**Given material**
BEGIN
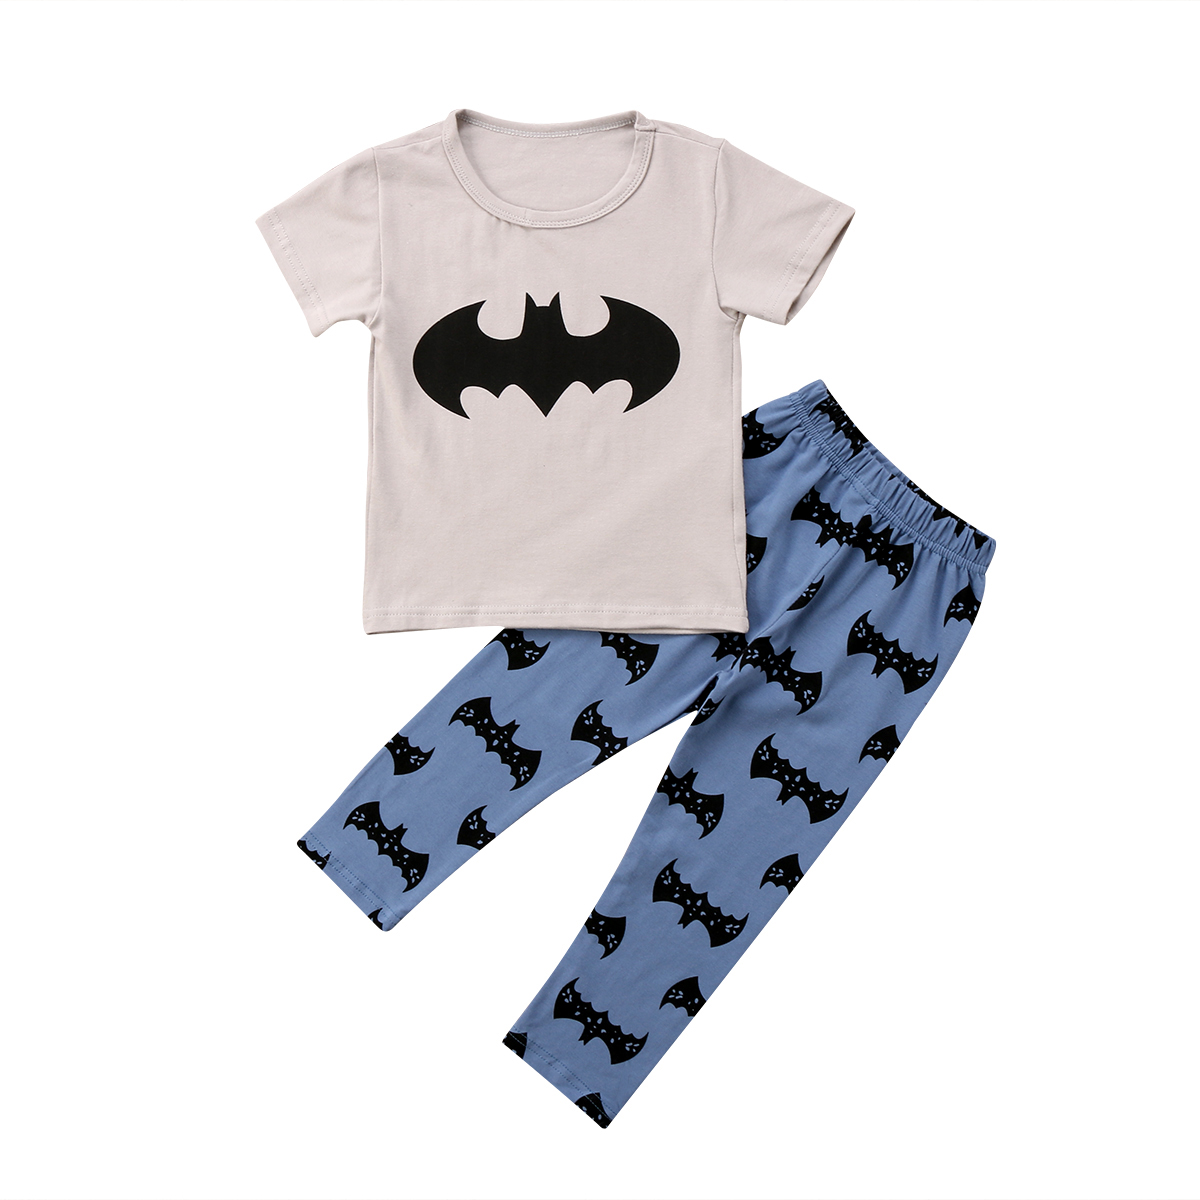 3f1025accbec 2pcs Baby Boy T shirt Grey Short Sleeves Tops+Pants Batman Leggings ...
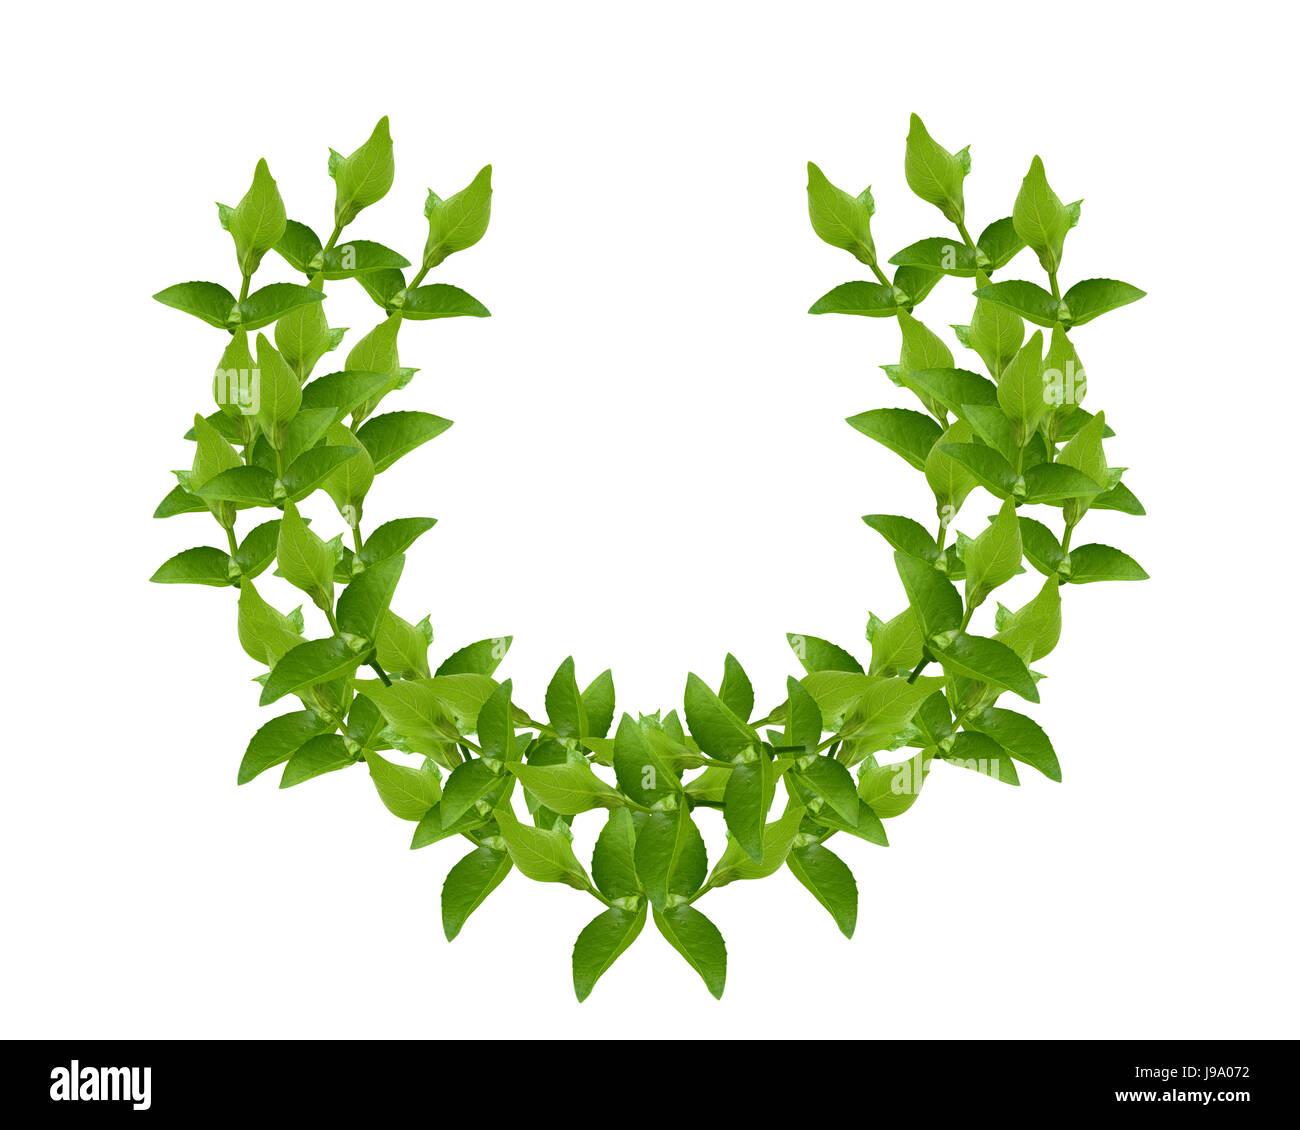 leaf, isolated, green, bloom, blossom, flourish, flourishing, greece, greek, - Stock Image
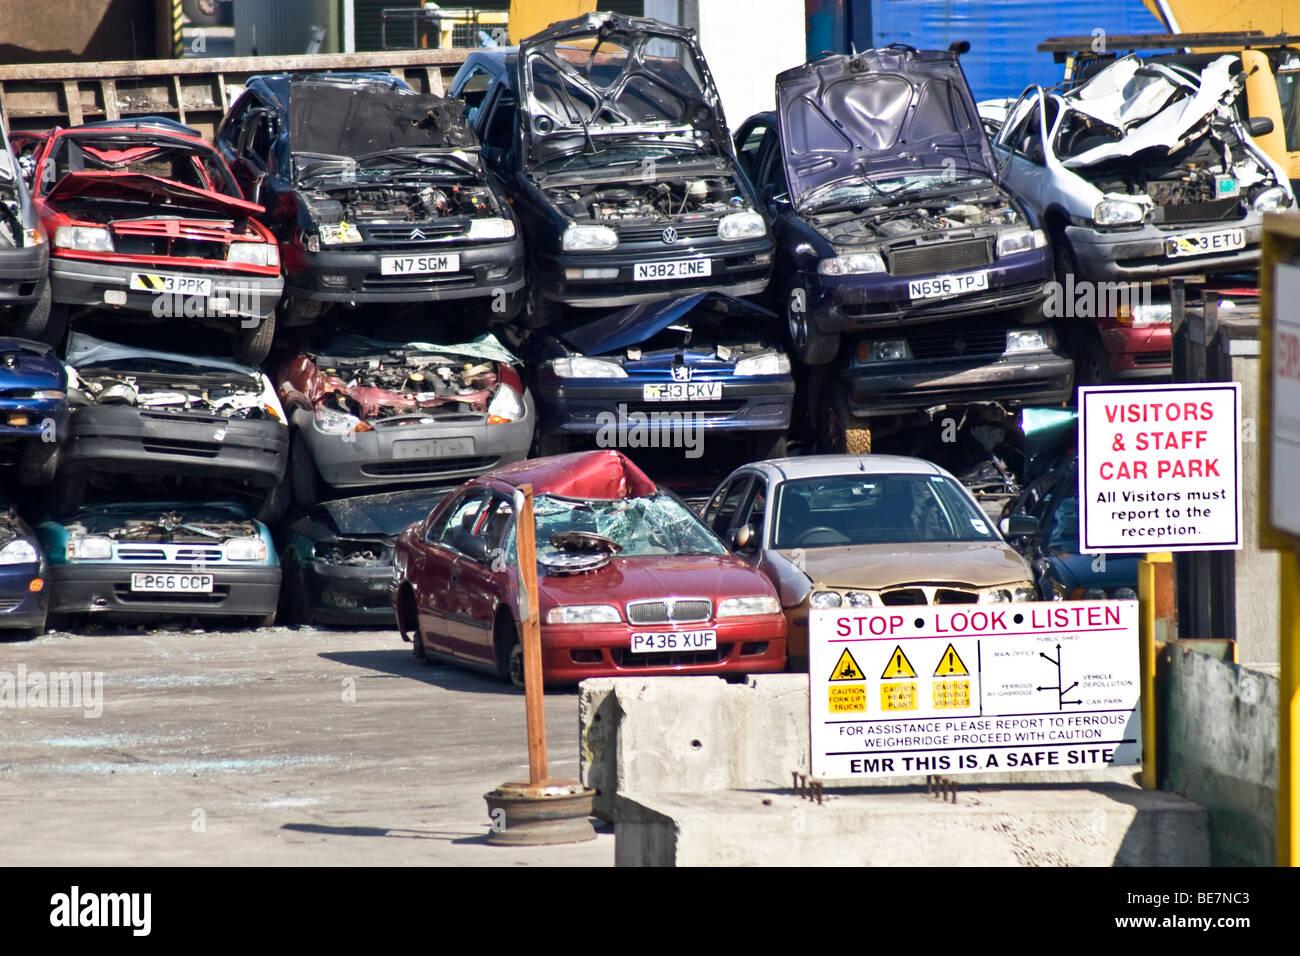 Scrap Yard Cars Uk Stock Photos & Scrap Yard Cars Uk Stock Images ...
END
**Description of the task**
Each line of the listing above belongs in the answer exactly as written; the pictures do not.

**Solved exercise**
 3f1025accbec 2pcs Baby Boy T shirt Grey Short Sleeves Tops+Pants Batman Leggings ...
 leaf, isolated, green, bloom, blossom, flourish, flourishing, greece, greek, - Stock Image
 Scrap Yard Cars Uk Stock Photos & Scrap Yard Cars Uk Stock Images ...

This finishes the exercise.